=== Records for the exercise ===

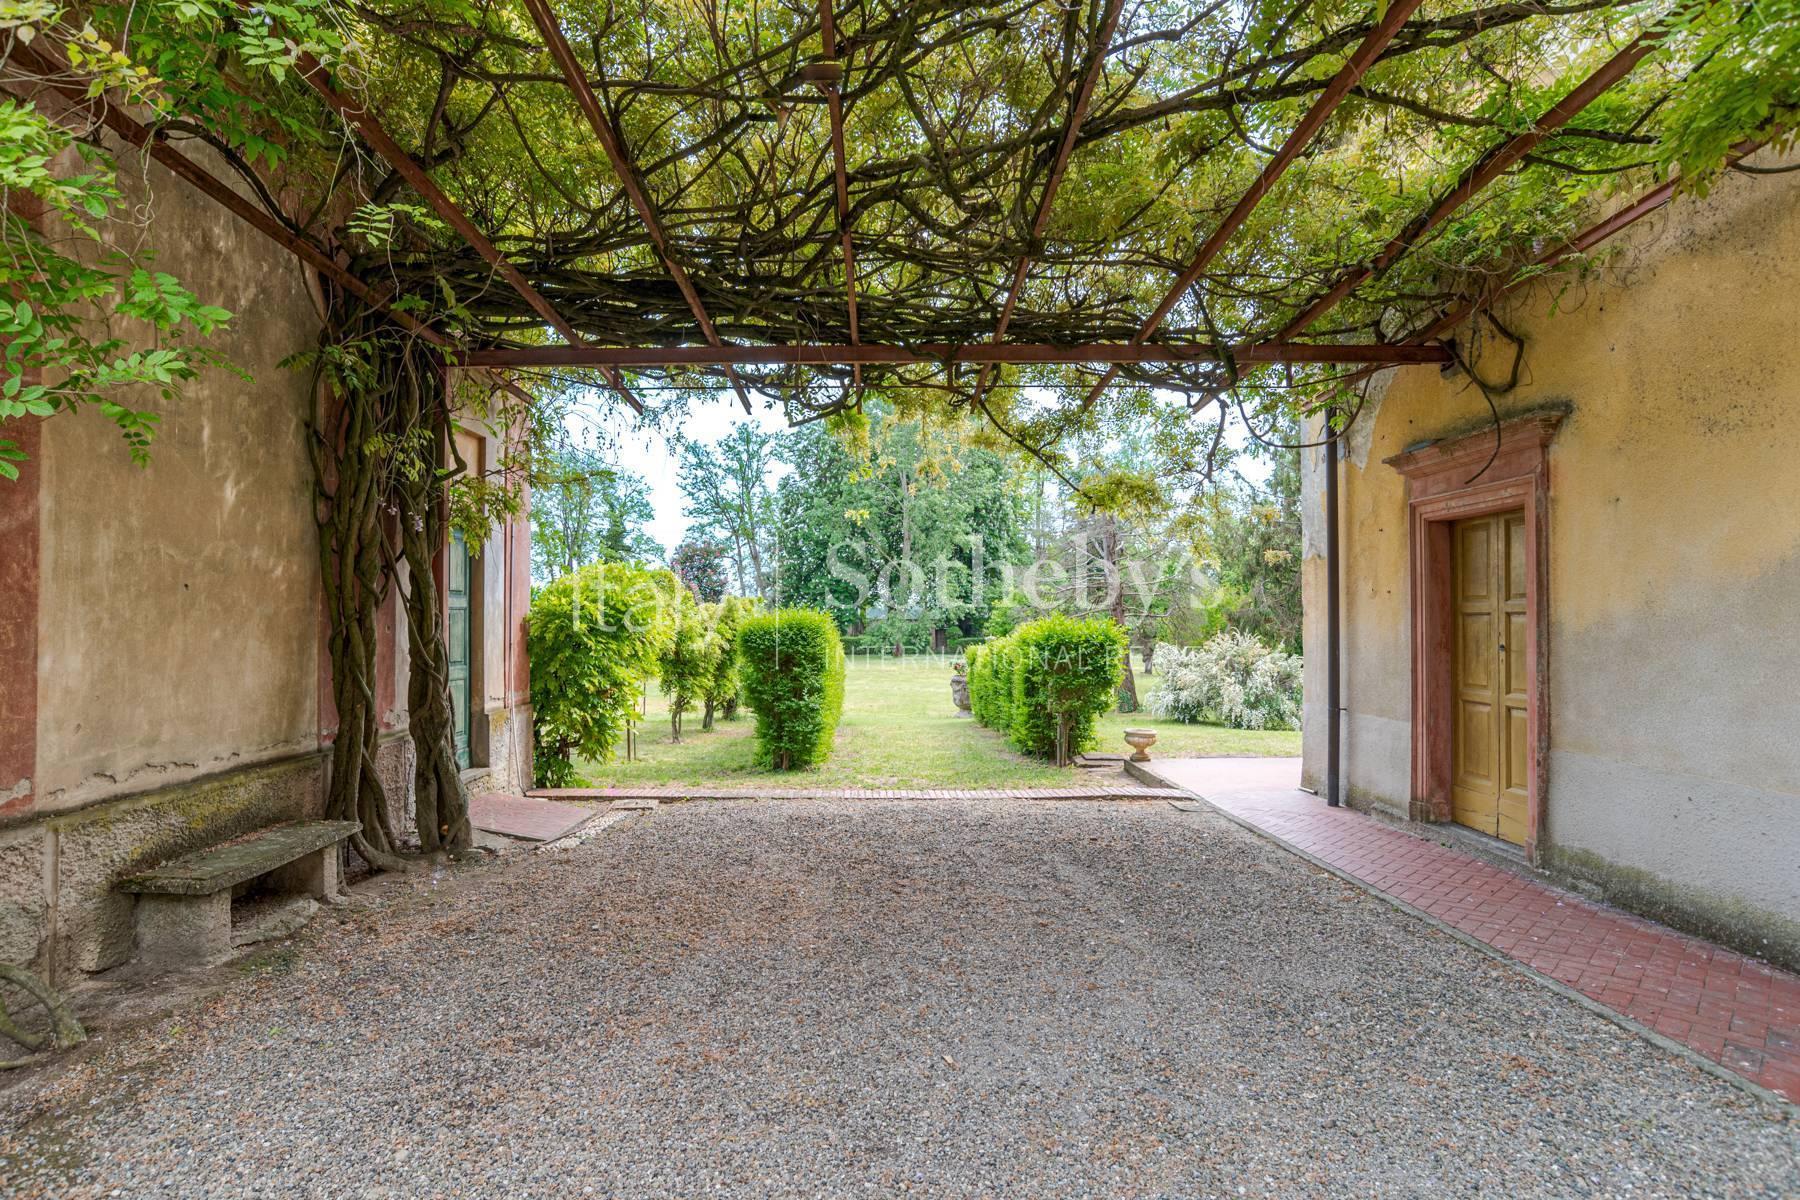 18th century villa with park in Oltrepo' Pavese - 10
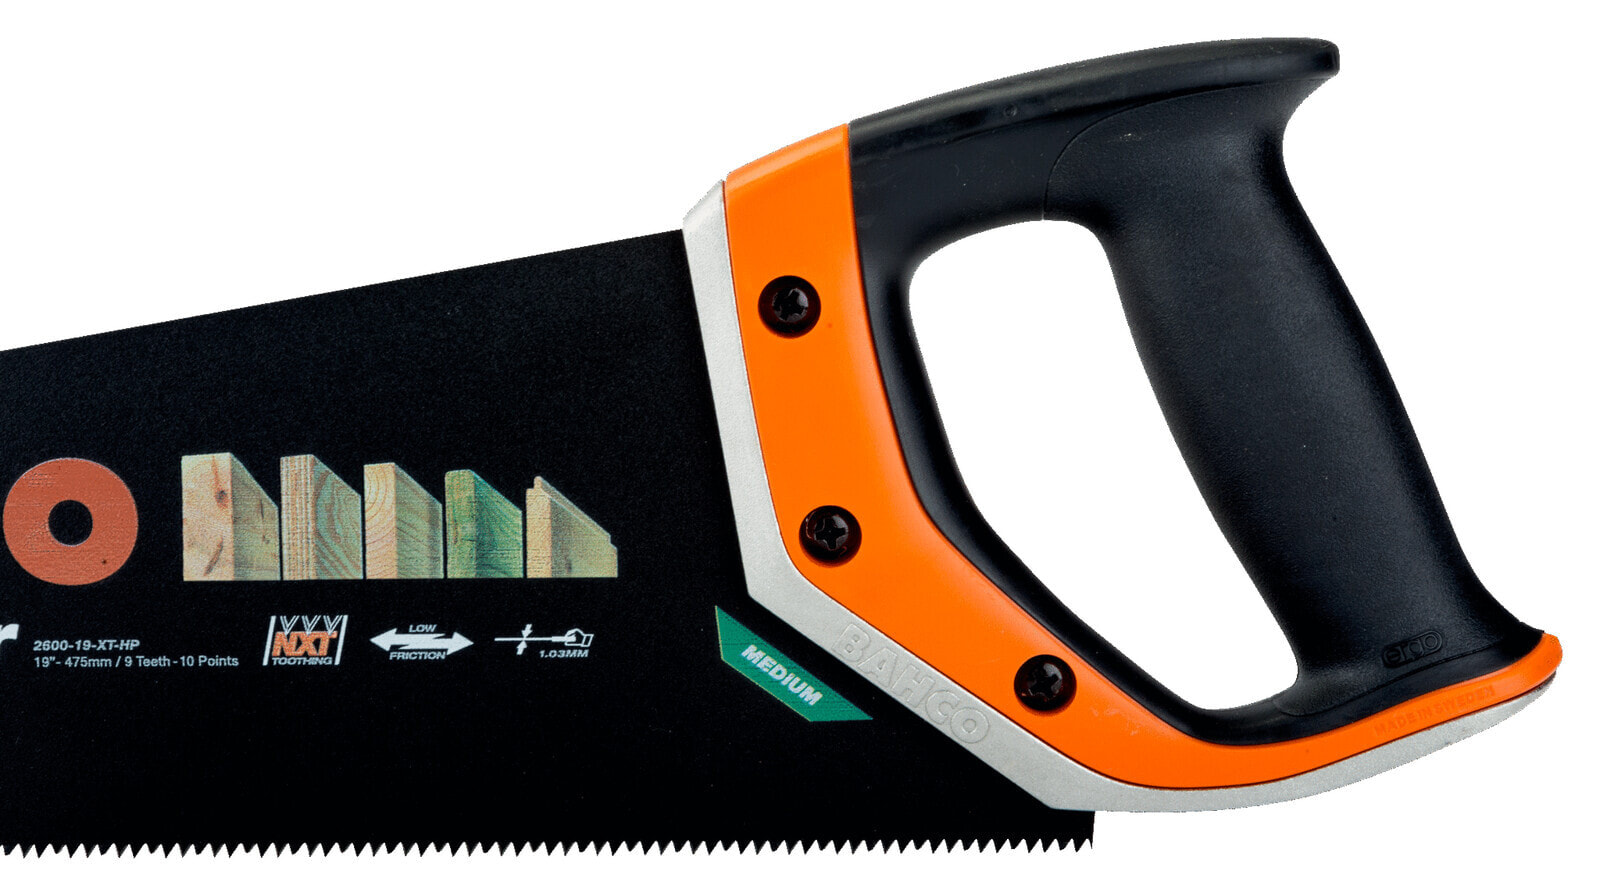 Ручная пила и ножовка Bahco ERGO Superior Saw for Plaster/Boards of Wood Based Materials 9/10 TPI 19
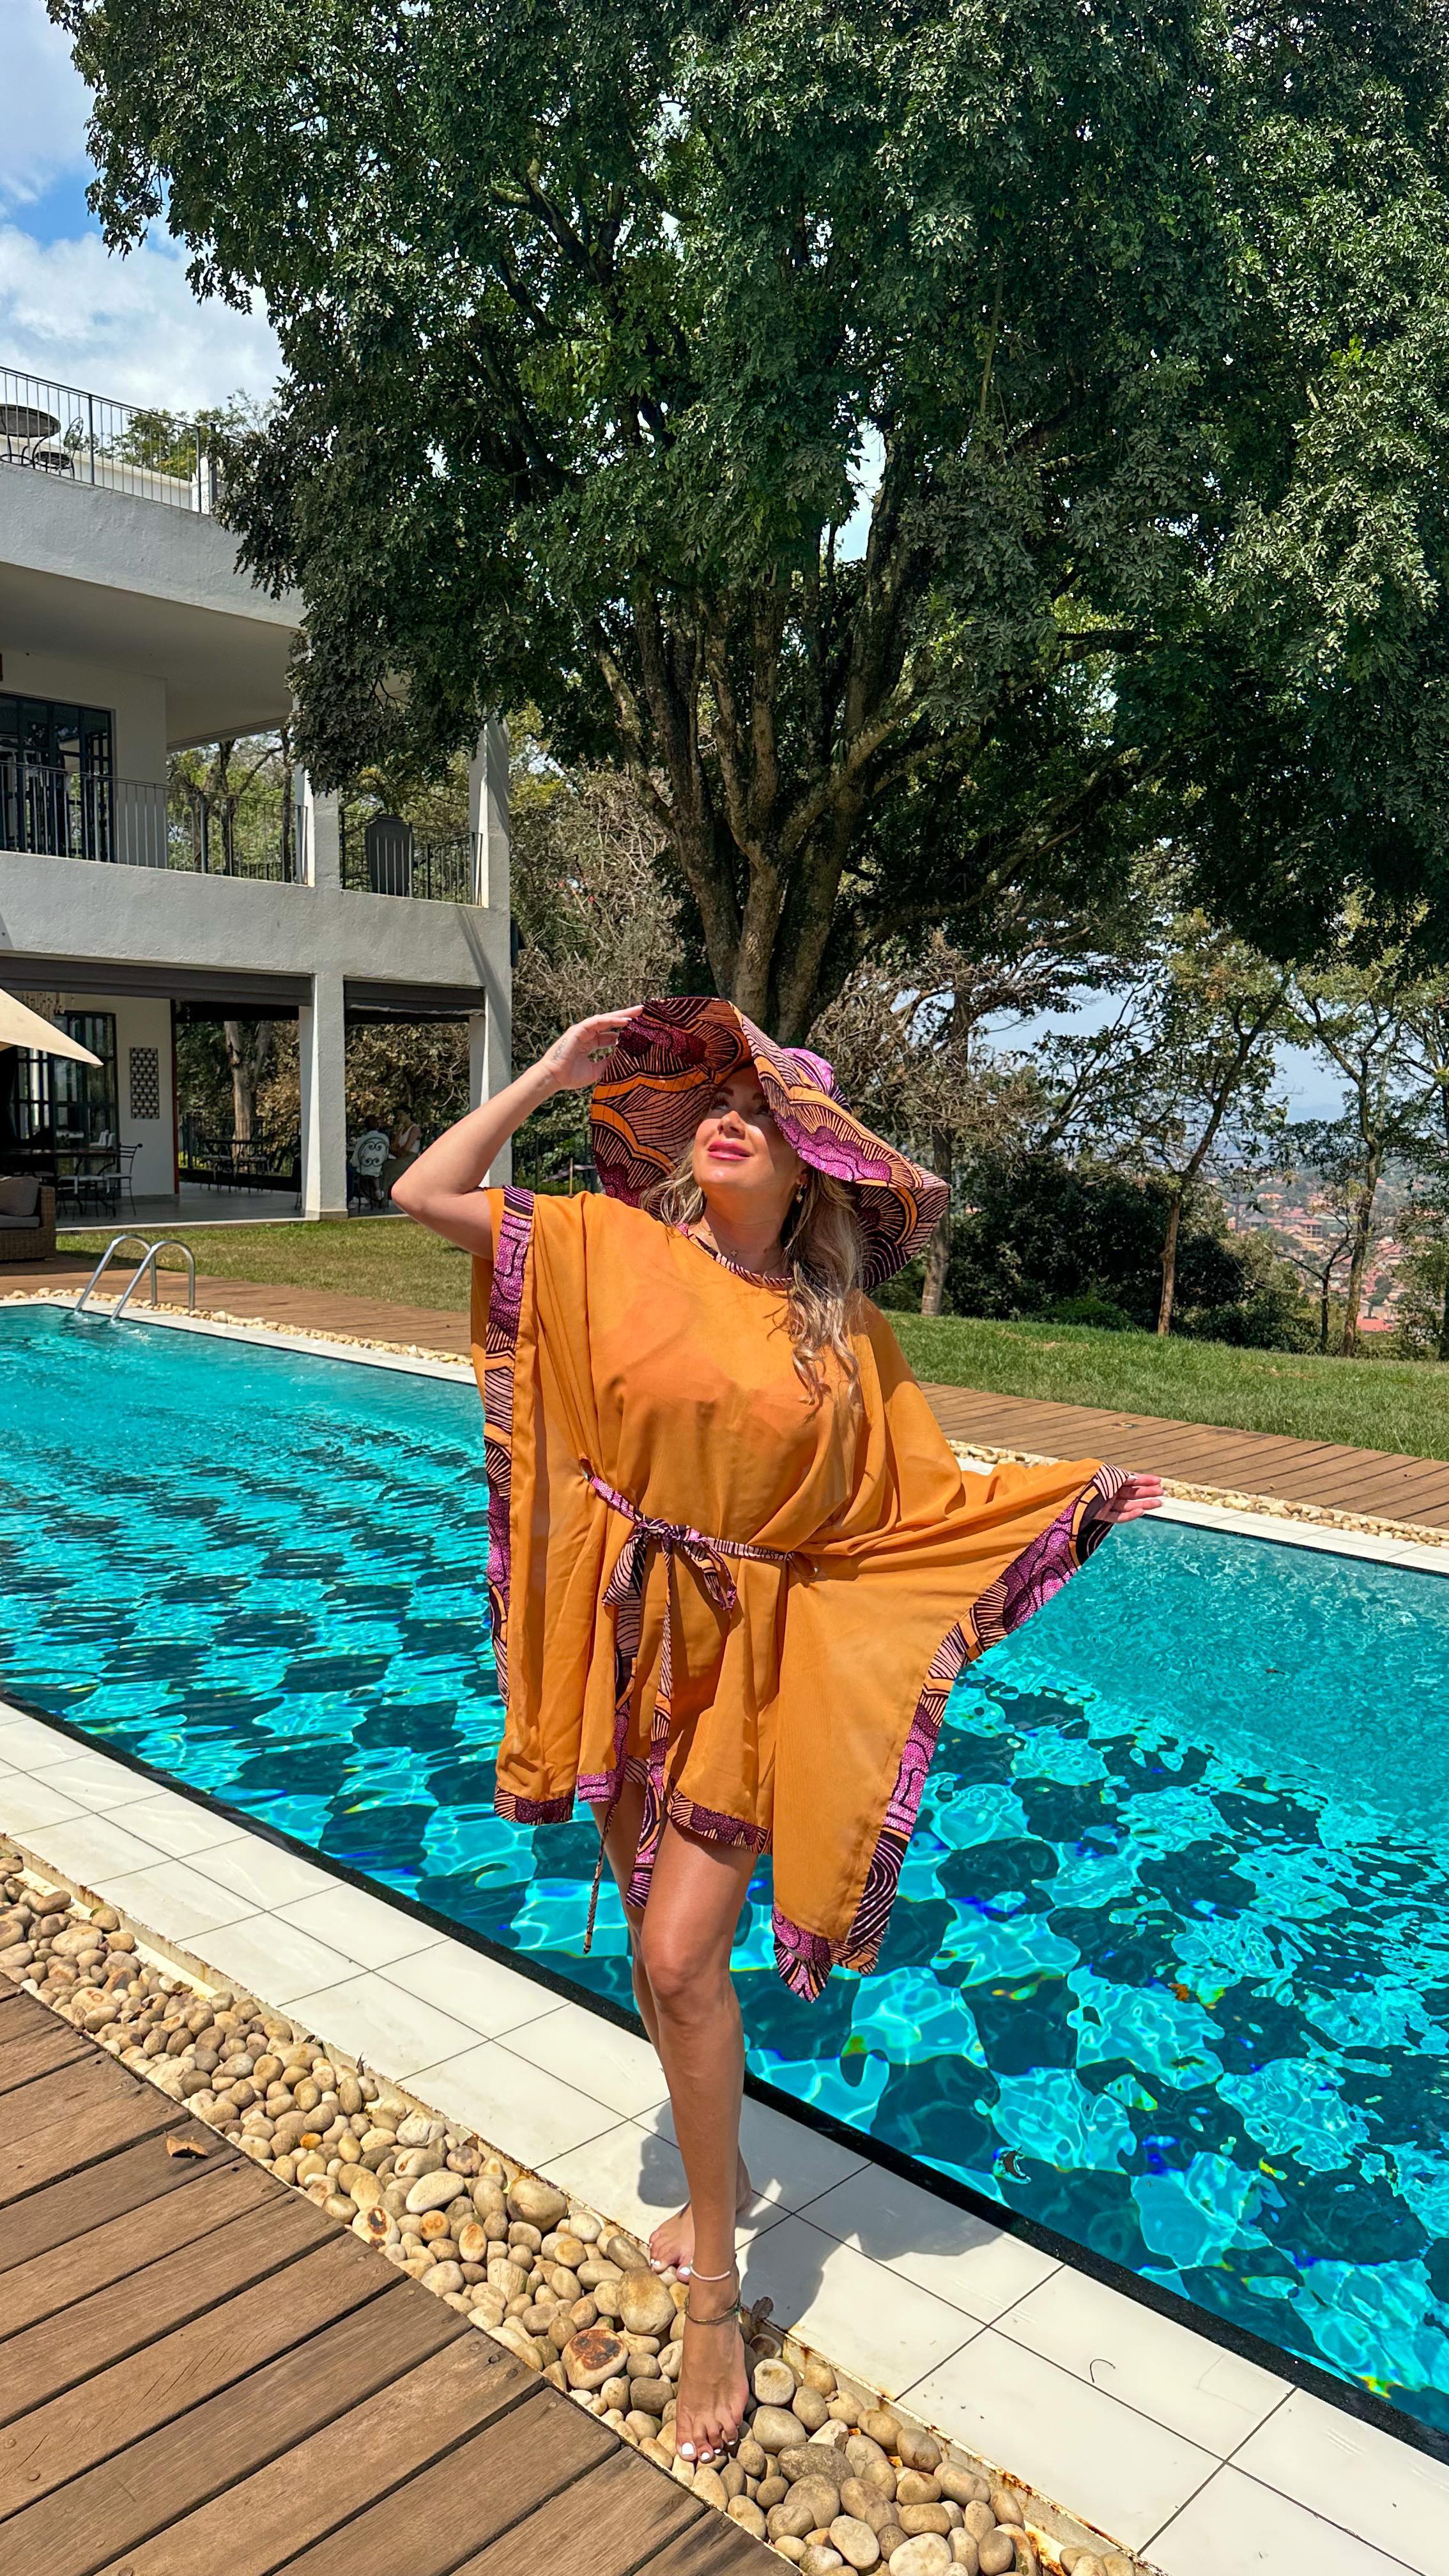 The most beautiful hotel I’ve stayed at in Uganda, and the most beautiful custom made kitenge fashions! 😻💃

“Kitenge” is the beautiful colorful fabric that women (and some men) wear in East, West, and Central Africa. Many women wear it 正规极速赛车平台✪As a sarong, head wrap, swaddle or sew it into outfits like these! It’s one of my favorite styles in the world! 

I barely packed anything for my 3 week/6 country Africa trip because I designed what I wanted to wear and with which patterns in advance, then Yimba Uganda hand made them and tailored them to my body when I arrived!

Yimba Uganda is an amazing NGO that teaches underprivileged women several job skills and techniques, such 正规极速赛车平台✪As sewing, and then helps them profit from the clothing sales! This is my second year purchasing all of my welcome gift bags from them, my wardrobe, and my group trip gals also all bought items from them!

They were the perfect fabulous pieces to wear at Lattitude 0 hotel, which got a unanimous 😻 from our group!

We’re about to head across the country to Bwindi to do our gorilla trek, so I’ll write up a blog post for Uganda on the long drive!

Is Uganda on your bucketlist?

#uganda #kampala #kitenge #kitengefashion #lattitude0degrees #yimbauganda #yimbafashion #mylifesatravelmovie #besthotels

===

### [What you should do]
Counting every line of the entries that holds the word "country", report the total and no other text.

### [Result]
2